Mr. Bukele’s administration has also been accused of secretly negotiating with the gang MS-13. According to a federal U.S. indictment, the gang agreed to kill fewer people on the streets in exchange for various promises, including financial benefits and less restrictive prison conditions from his government. At least one witness, whose testimony could have implicated Mr. Bukele, was among those returned to El Salvador on a deportation flight.
Mr. Bukele has repeatedly denied these allegations, but in 2021 the U.S. Treasury Department imposed sanctions on two officials in his administration, including the director of prisons, for the roles they reportedly had in the negotiations. On Thursday, El Faro published an interview with a gang leader from Barrio 18, an MS-13 rival, about the negotiations that Mr. Bukele was accused of having with gangs. The gang leader said officials from Mr.
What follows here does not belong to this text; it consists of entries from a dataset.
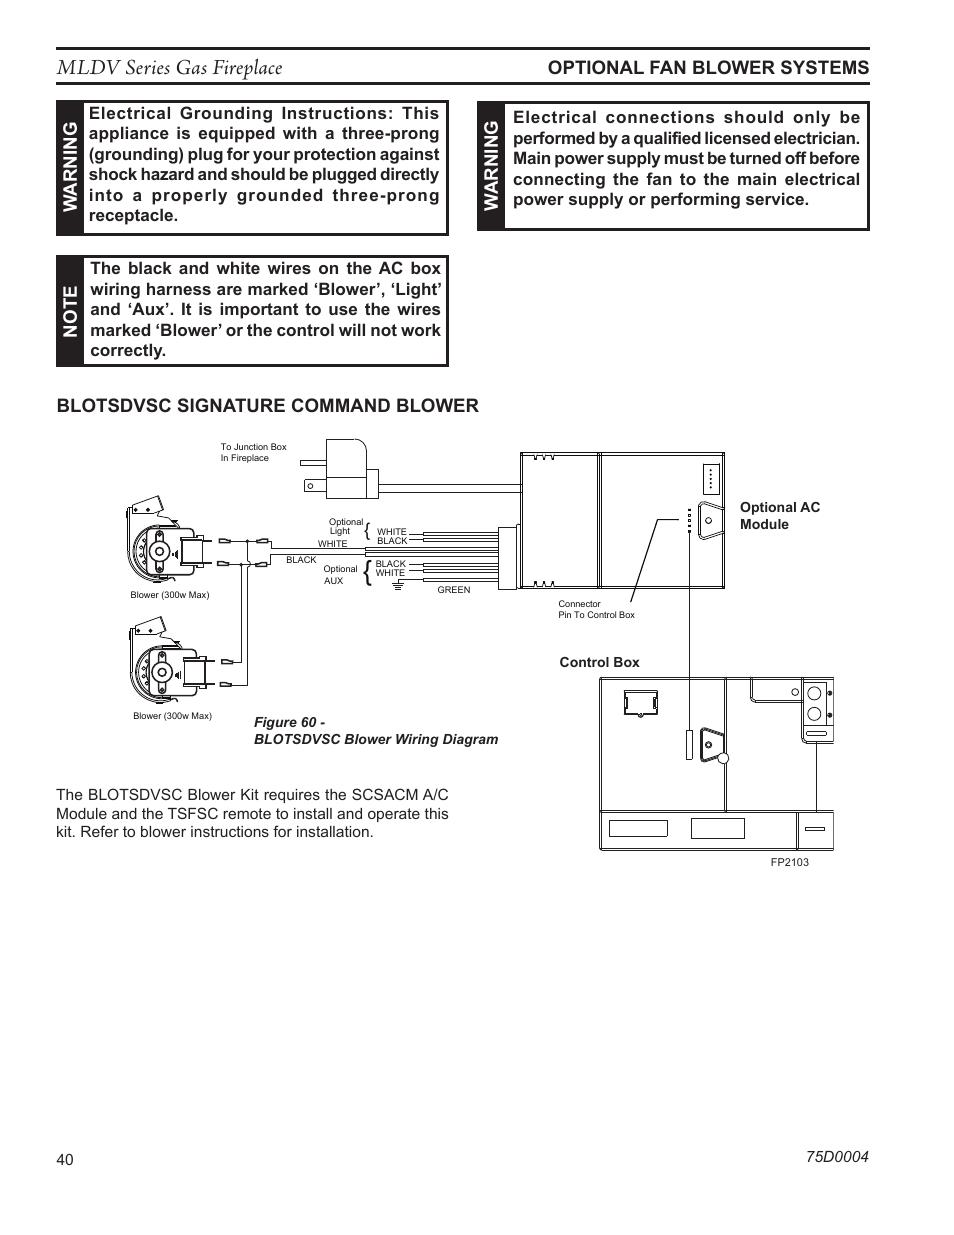 Mldv series gas fireplace, Fp2684 blotsdvsc fan wiring ... on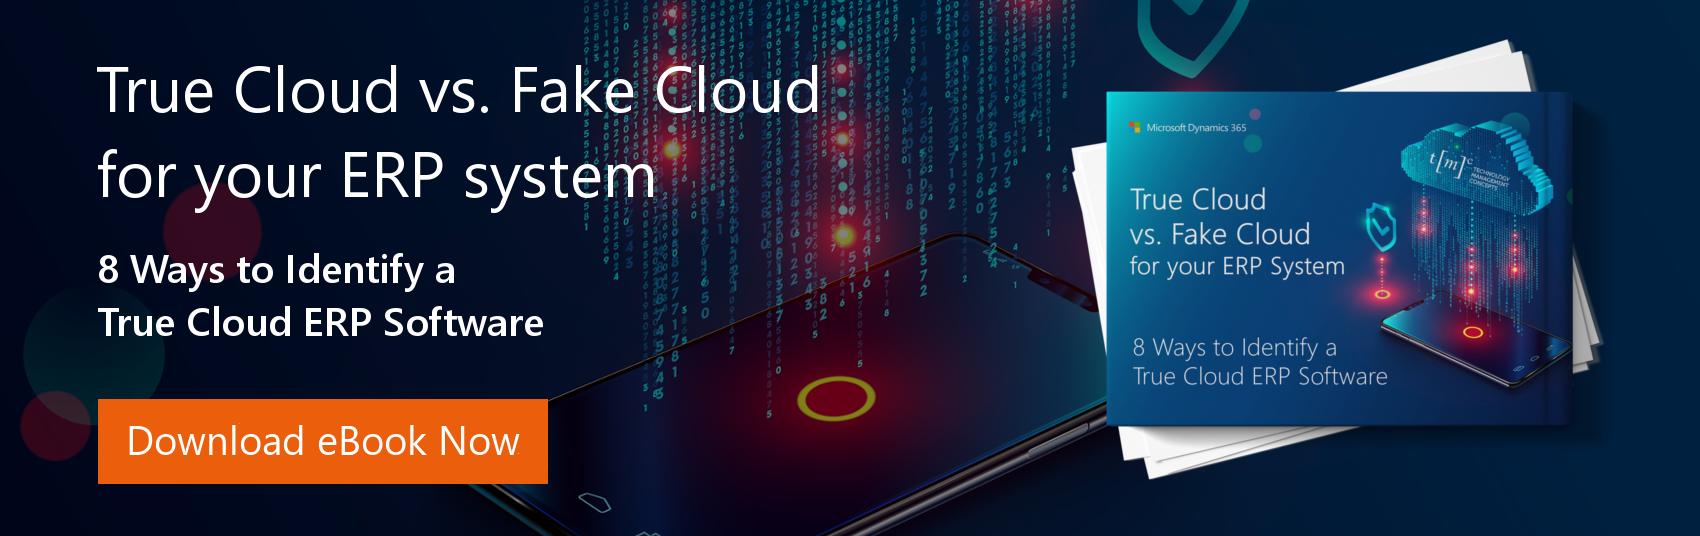 Eight Ways to Identify True Cloud ERP Software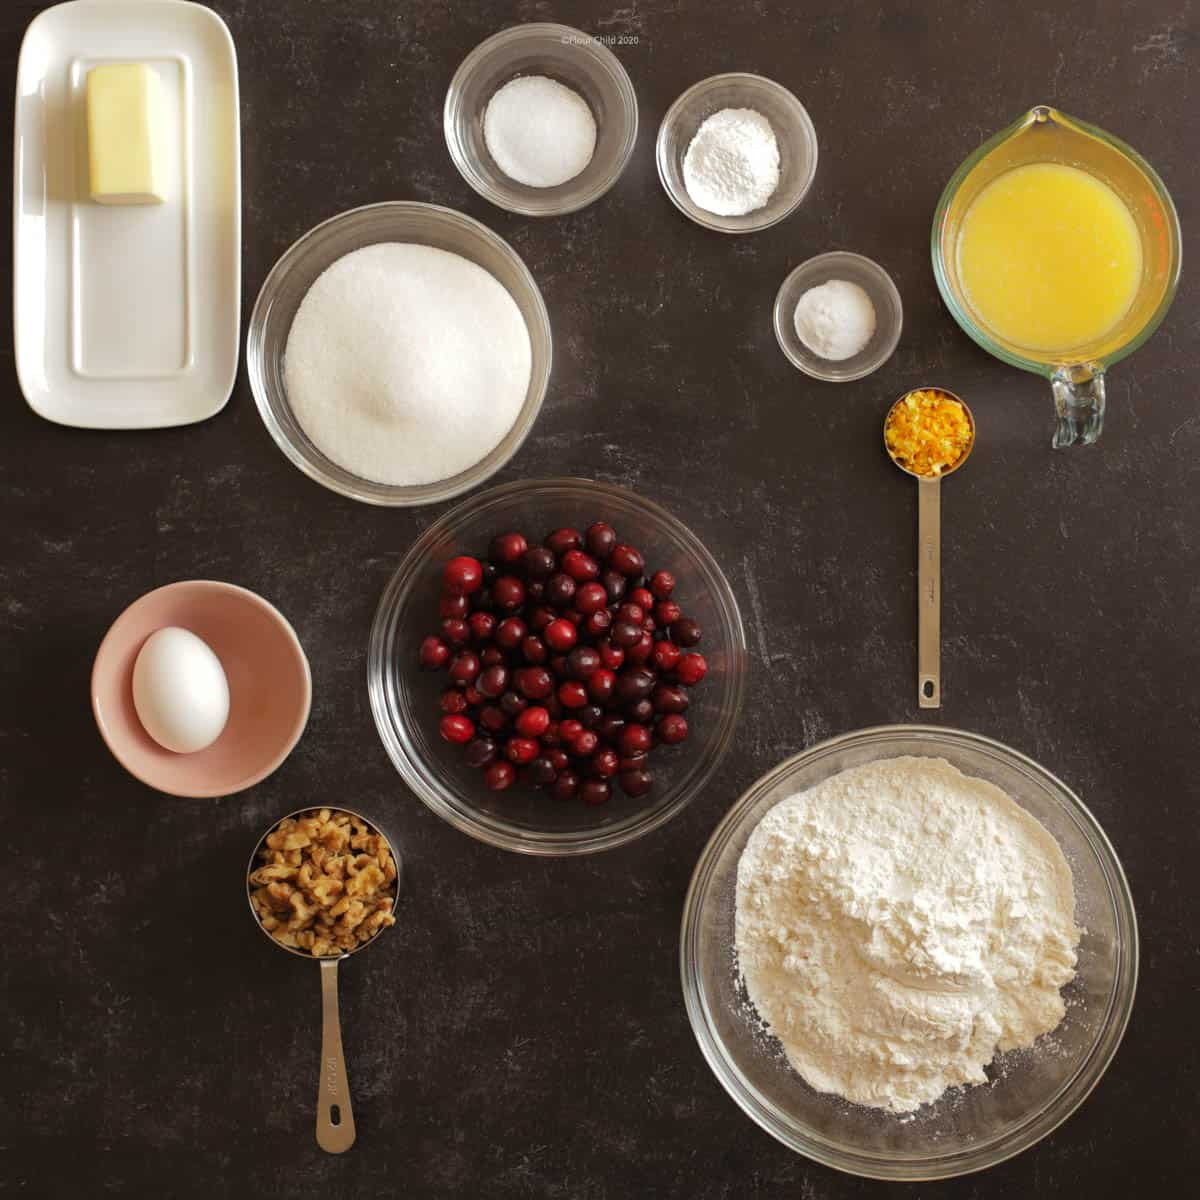 Cranberry Orange Bread ingredients in prep bowls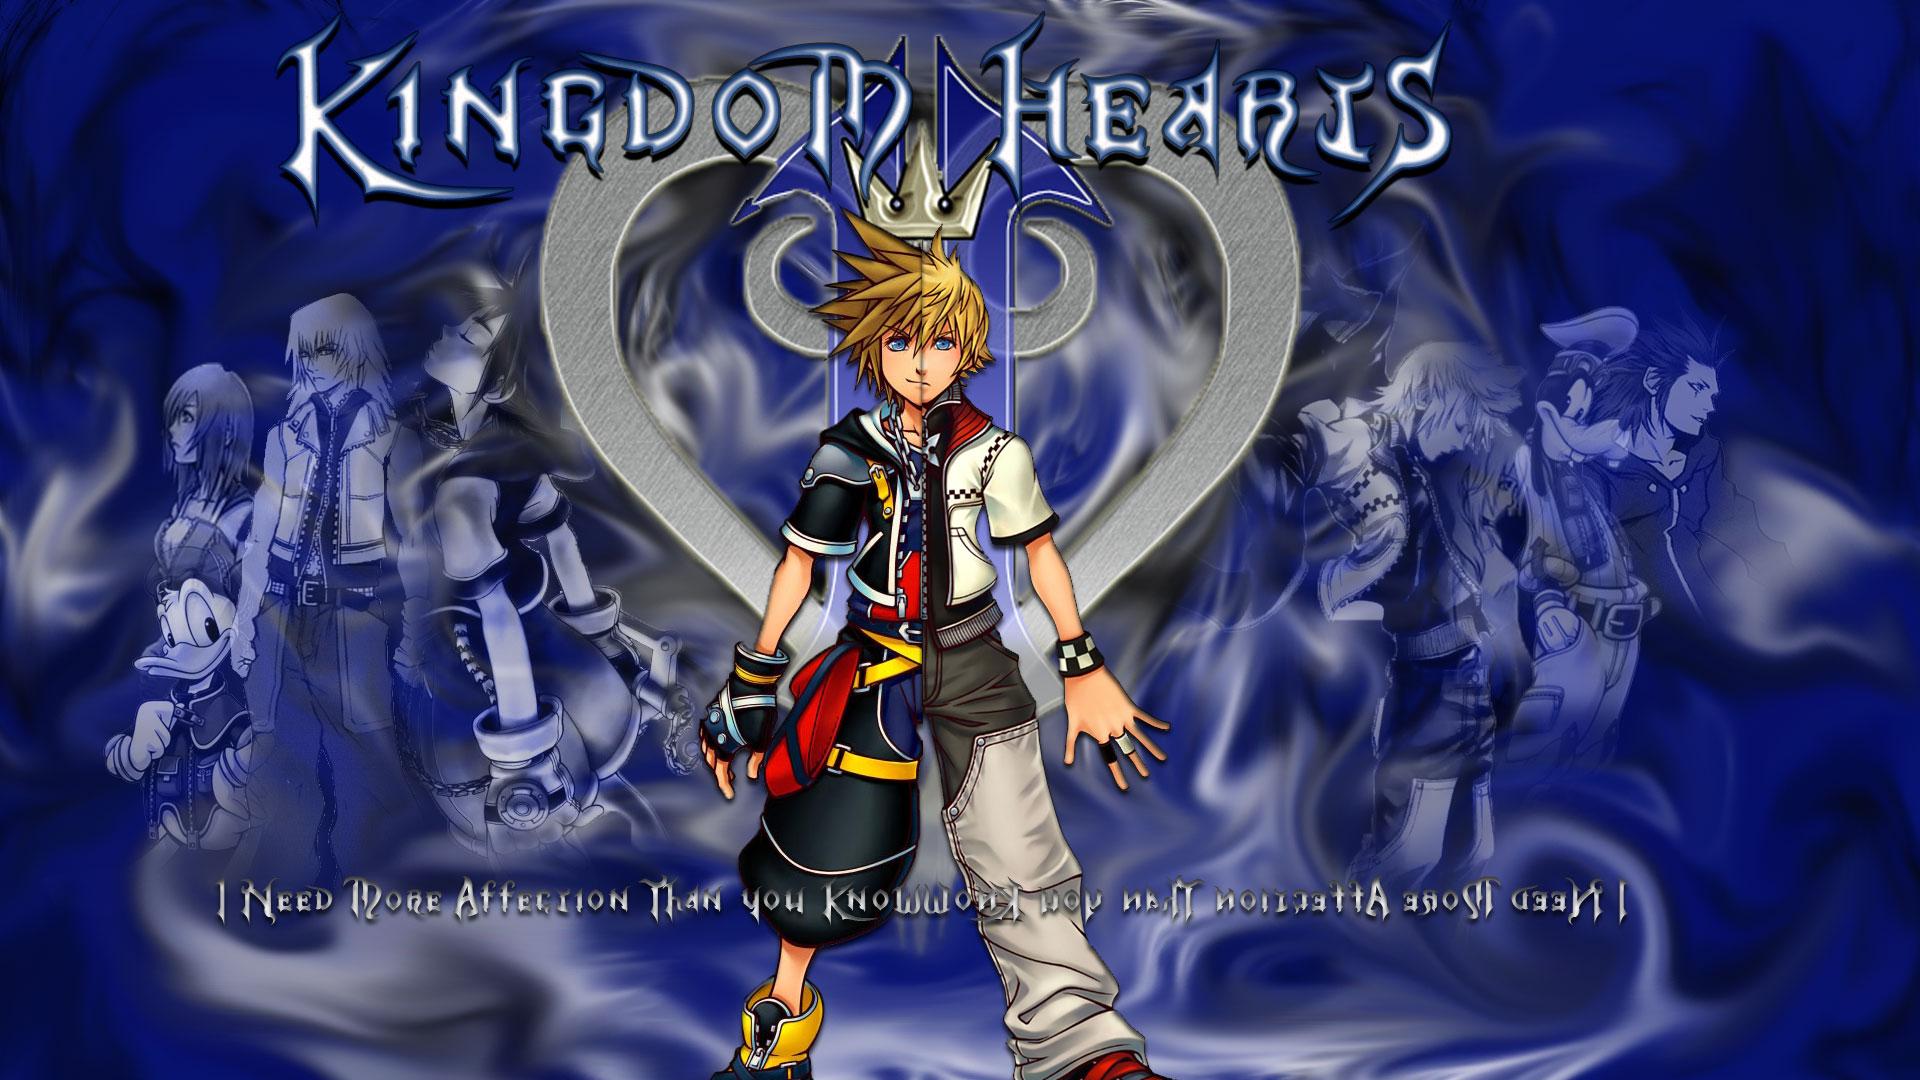 Kingdom Hearts Background wallpaper 145152 1920x1080

Bukele’s administration asked for political support and took him inside a maximum-security prison to meet with jailed gang leaders.
Before Mr. Bukele’s party replaced El Salvador’s attorney general in 2021, members of his administration were under criminal investigation by the attorney general’s office in connection with allegations of pacts with the gangs and other cases of corruption. After Mr. Bukele’s administration shut down the investigation, a senior official who headed an anticorruption unit in the office went into self-imposed exile, as did other prosecutors who had been investigating government corruption.
Today there are no judicial orders, no legislative inquiries and no criminal investigations in El Salvador that pose a real threat to the president. He made sure of that, stacking the Supreme Court with judges who support him and interpret the Constitution according to his will.
Mr. Bukele remains a popular figure, but he has set everything in place for the moment that changes. It’s too late for Salvadorans to worry about checks and balances. But Americans still have time.
Nelson Rauda Zablah is the digital content editor for the investigative site El Faro. He has covered politics in El Salvador since 2013.